Escapism: Retreat or Running Away?

It's the final 24 hours for the Second Chance Charms Kickstarter!

We've unlocked:

  • character art of Charlie and Anton
  • the character art postcard design
  • STICKERS featuring our fave pair
I am so happy about this.
  • A "burrito" recipe that may constitute a food crime (but is tasty)
  • A pristine Bev playlist curated by Dr Erin Harrington aka "the person who played Bev in the Urban Shadows campaign that was my attempt to avoid writing this series" (oops)

And I have MORE TO COME if we get there!

(I am just saying. Chibi Raphael in a chibi business suit. That's all I'm saying.)

24 hours! Get your pledge pledged!


I have been working very hard - on the Kickstarter, on my day job, on a bunch of important marketing that I have commited to (you can follow my accountability vids from my TikTok/Insta, if that's your jam) and I have been taking delighted refuge in the novels of D.E. Stevenson

"Who?" you say (most of you. I'm sure I have some kindred spirits).

Scottish writer D. E. Stevenson! Related to Robert Louis Stevenson! Over 40 romance novels! Seven million copies sold!

To be fair, she's been dead for over 50 years. But not forgotten, at least not any more - Persephone Books and Dean Street Press have both issued reprints.

Stevenson's novels - at least, the eleven1 of them I've chewed through over the past couple of weeks - are mostly post-WWII "light romantic" novels where a nice young woman meets a nice young man and they make appropriate decisions about how much they love each other and get virtuously married. Cads and liars are defeated, the virtues of the country are extolled, and hard work and honesty are much admired.

I like them because Stevenson has an excellent eye for character and a good sense of humour, and because no one has a cellphone.

Quite a few of her female protagonists have to deal with poverty, and interestingly, many of them escape poverty not because of the nice young men, but because they have been left property, or are reclaimed by a long-lost relative, and because some of them--gasp--work.

In fact, almost all of her heroines have some kind of work (and domestic labour is certainly regarded as work, which ought to be compensated) and some of them even continue work after marriage. Part-time, perhaps, or just until the children arrive, but I think Stevenson respects the work of her women - as she should have, being a married working woman herself.

These books are not perfect comfort reads. There is far too much admiration for the Great British Empire and its Glorious Expanse for my post-colonial reader brain to be uncomplicatedly happy. The treatment of the (very few) people of colour is paternalistic at best and horrendously racist often.2

And no one thinks much about politics. There's a vague sense that if everyone is just decent to each other, we'll all rub along all right. This is very nice, but I cannot help wondering what complications have been swept off the spotlessly clean doorstep of Stevenson's tidy homes.

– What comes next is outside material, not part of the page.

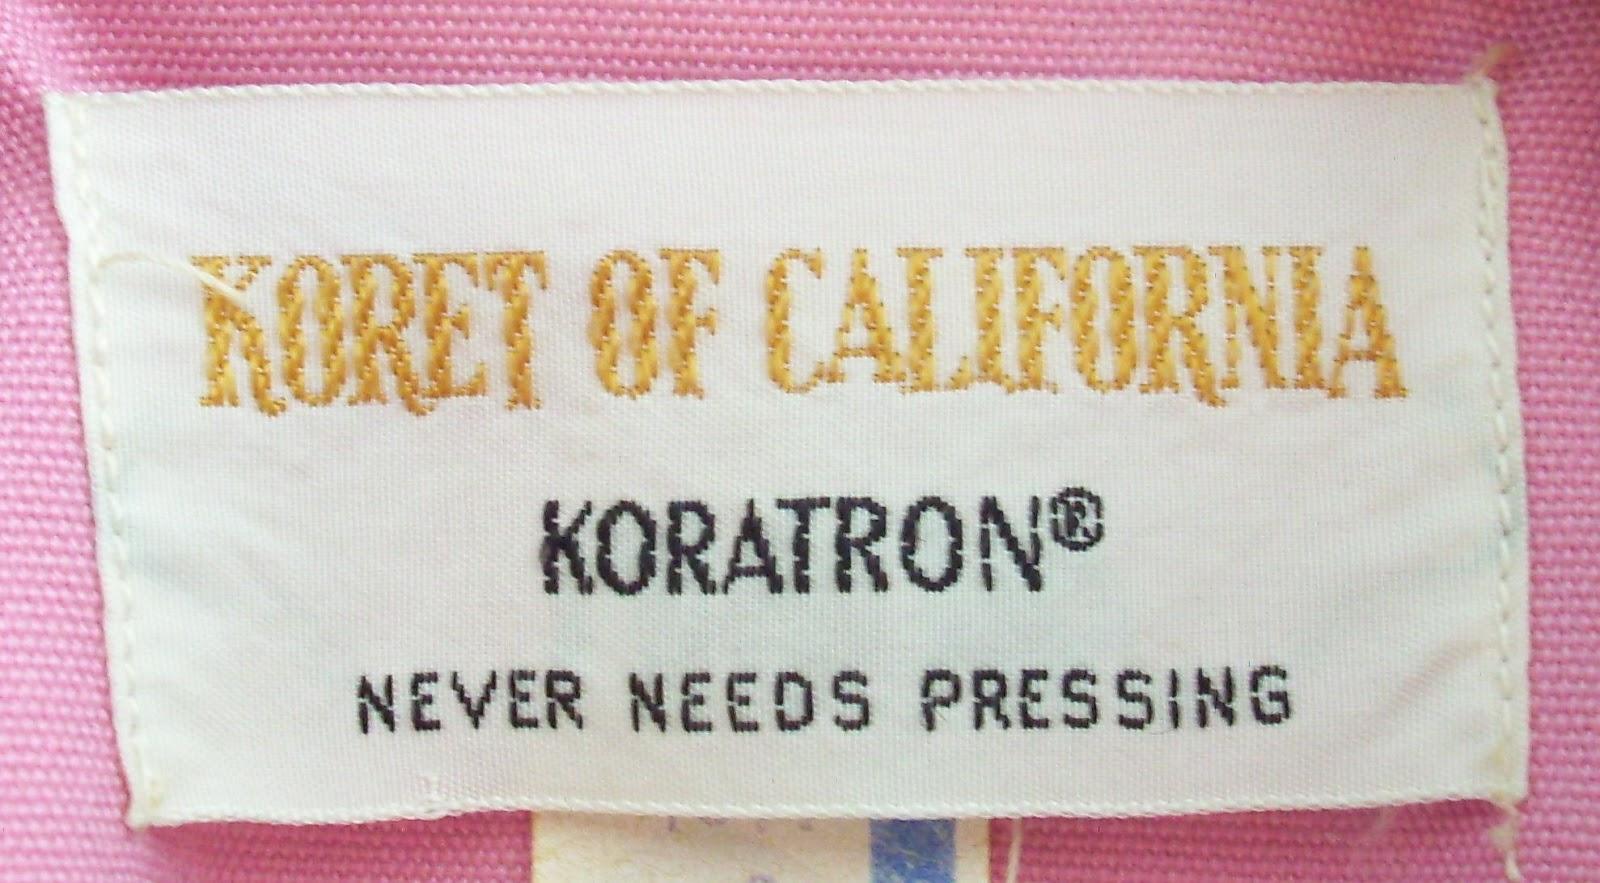 pendleton tag identification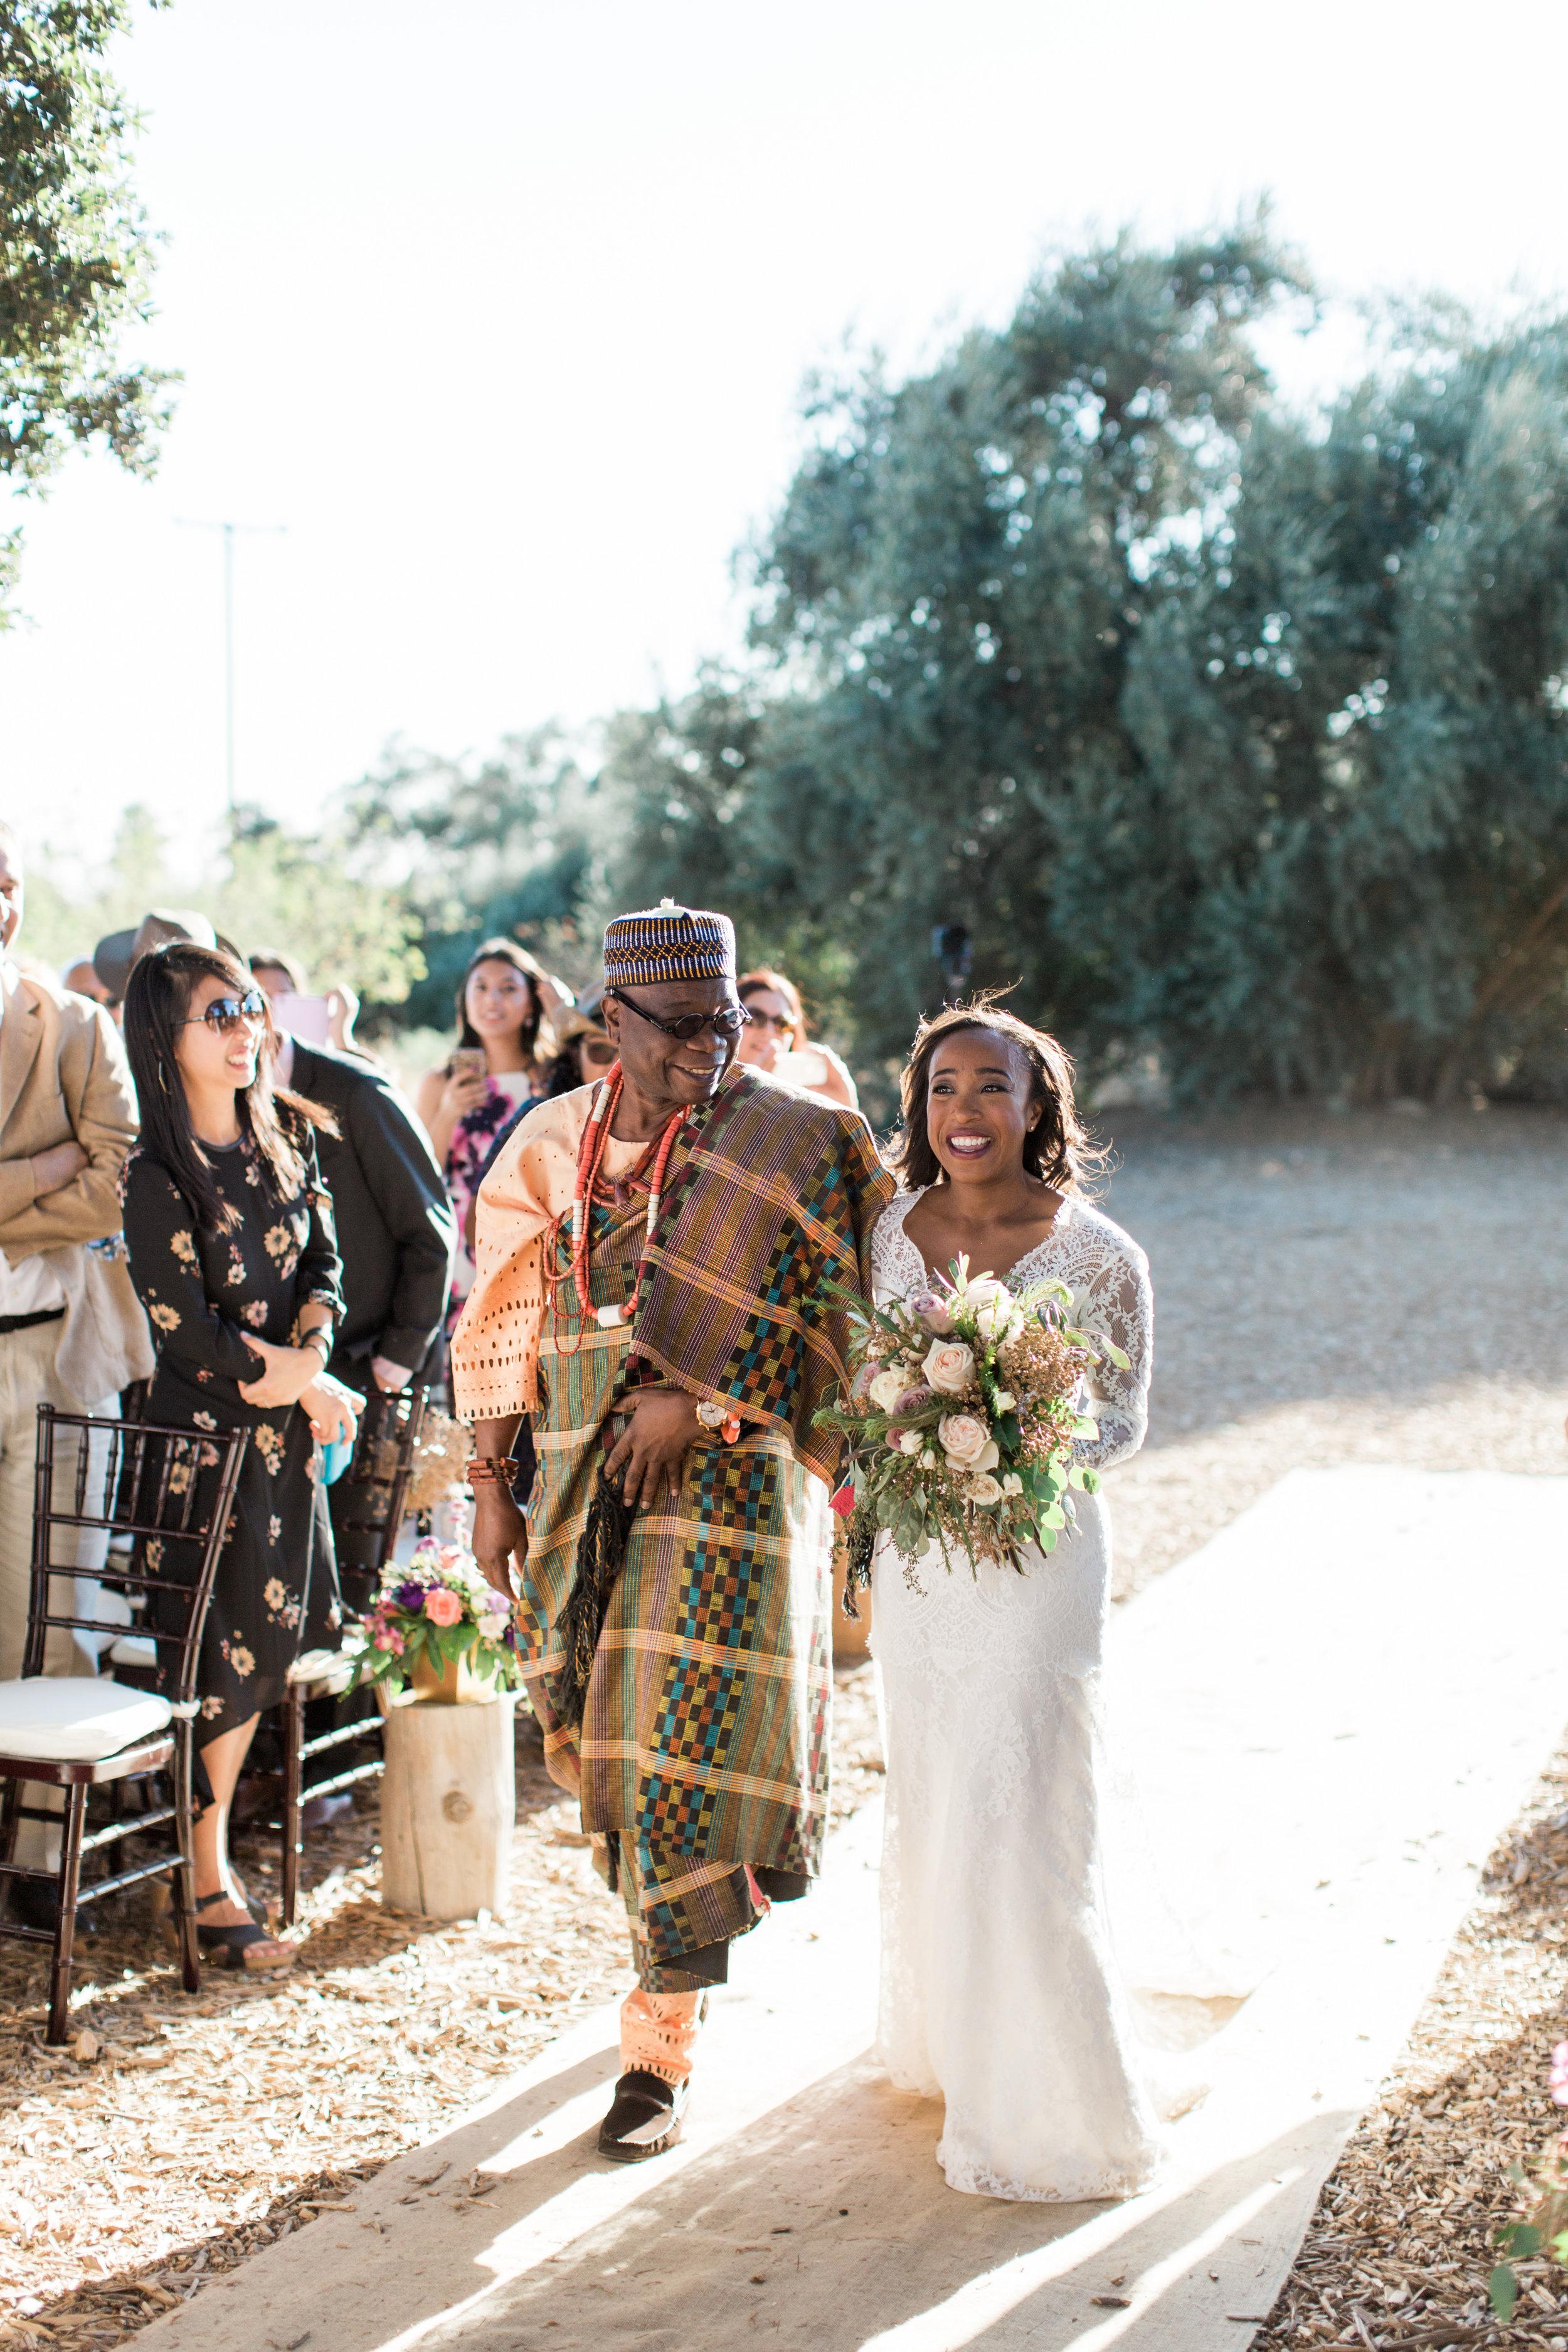 Jenny Quicksall Photography_www.jennyquicksall.com_California Wedding Photographer_Highland Springs Ranch and Inn Resort_Cherry Valley California (39).JPG

Sometimes people deride "escapist" fiction like romance. I don't have much time for this point of view, because in this year of 2026, lord knows we all need to escape sometimes. But equally, I don't have much use for people who only want escape--the kind of people who complain whenever an author posts in support of sex workers or defends trans children, because they don't want politics in their horny gargoyle fantasy/murders on yachts/steampunk heist/whatever.3

I am happy to stage a retreat to D.E. Stevenson, to soothe my mind and shore up my soul, but I refuse to run away entirely. Indeed, the unexamined shadows of imperialism and white supremacy in the sunny light of her romances ably demonstrate that there's no such thing as politics-free fiction--only politics the reader agrees with or objects to.

And so the other other thing I've been doing is writing submissions opposing the badly conceived and horrible legislation put forward by New Zealand's current governing coalition (surprise! It's capitalism!). I've been relying heavily on Emily Writes' Submission Guide, and if my fellow New Zealanders would like to dip their toes into the submission pool, I recommend you do the same.

That's all from me for this week, and probably for next. Until then, I hope the world treats you well, and that everyone in your vicinity is uncomplicatedly decent. If not, I propose a temporary retreat to whatever fiction comforts you best.

After all, we need to imagine better worlds before we can fight for them.


That Healey Girl is the weeklyish newsletter of Karen (or Kate) Healey, a romance and speculative fiction author who lives in Ōtautahi, New Zealand and shakes plots loose by wandering along the river.


1 You can tell when I'm especially busy because the reading goes up.

2 More than once, Stevenson has a character exclaim they are "working like an [n-slur]" when they mean "working hard".

3 Not to be taken as a condemnation of any of these fine sub-genres, which I would happily write in the drop of a cog-spangled hat.